→ Records for this task:
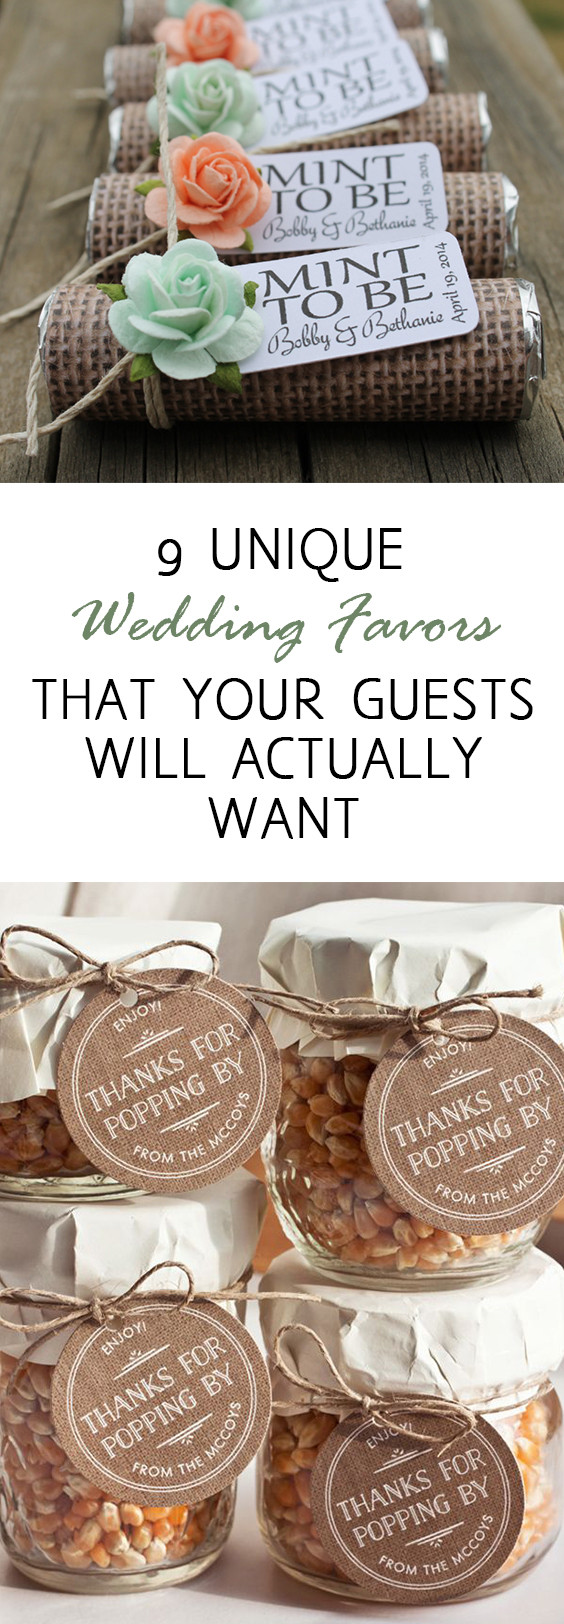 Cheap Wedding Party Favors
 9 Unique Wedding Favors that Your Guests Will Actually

...

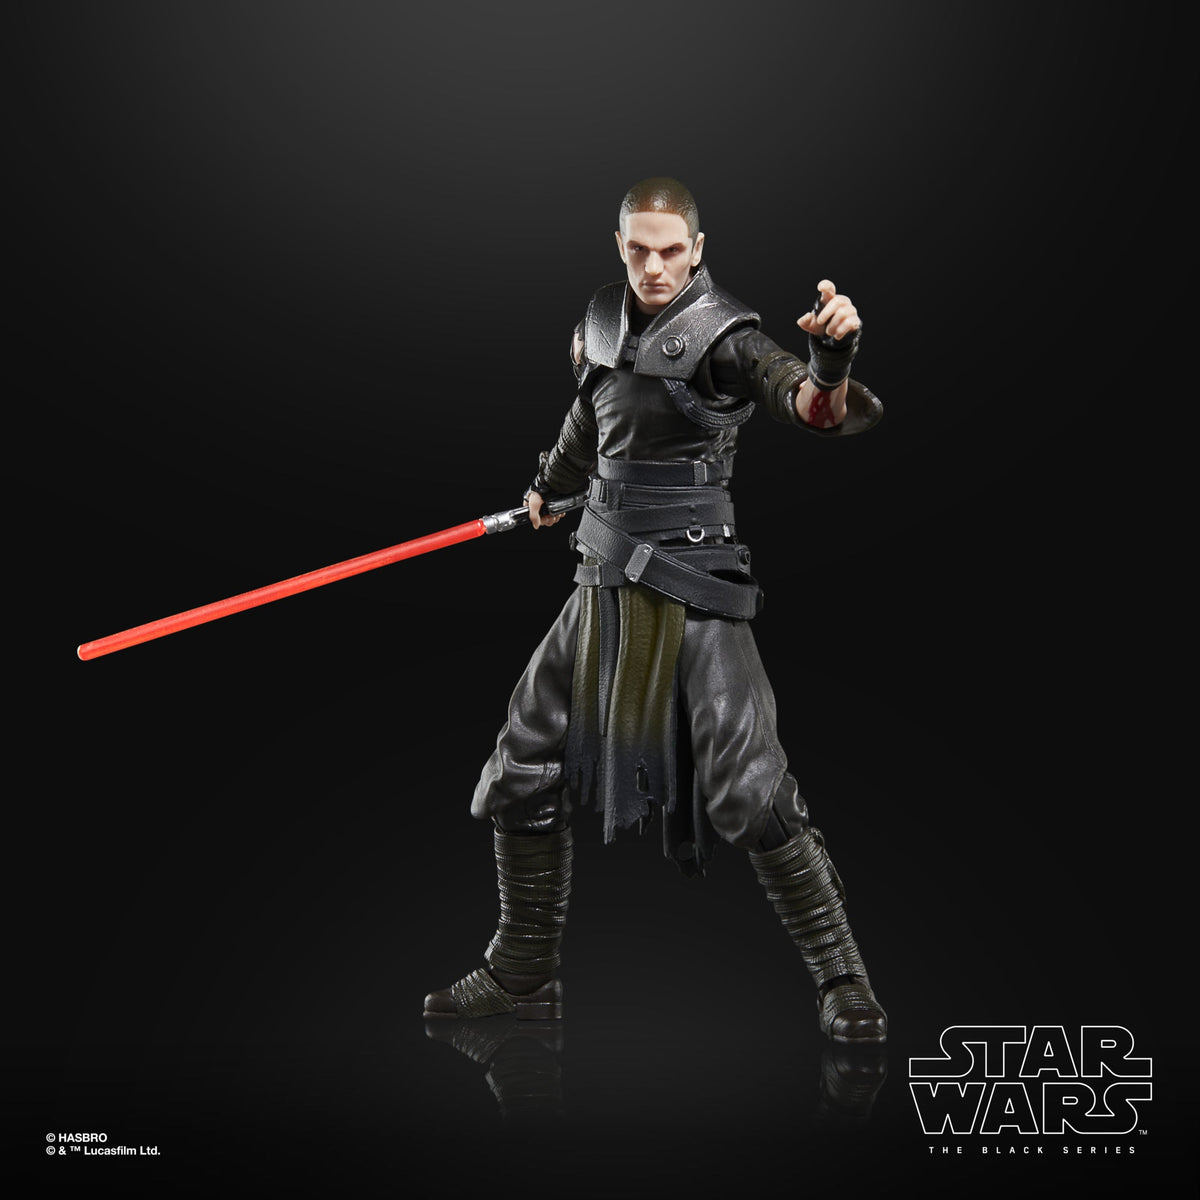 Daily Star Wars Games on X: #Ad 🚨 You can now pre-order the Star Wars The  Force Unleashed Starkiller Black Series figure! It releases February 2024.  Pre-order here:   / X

→ Work to be completed:
Leaving each picture behind, please give again exactly the lines above from the one with "Cheap Wedding Party Favors" through the one with "9 Unique Wedding", both included, and no others.

→ Task result:
 Cheap Wedding Party Favors
 9 Unique Wedding Favors that Your Guests Will Actually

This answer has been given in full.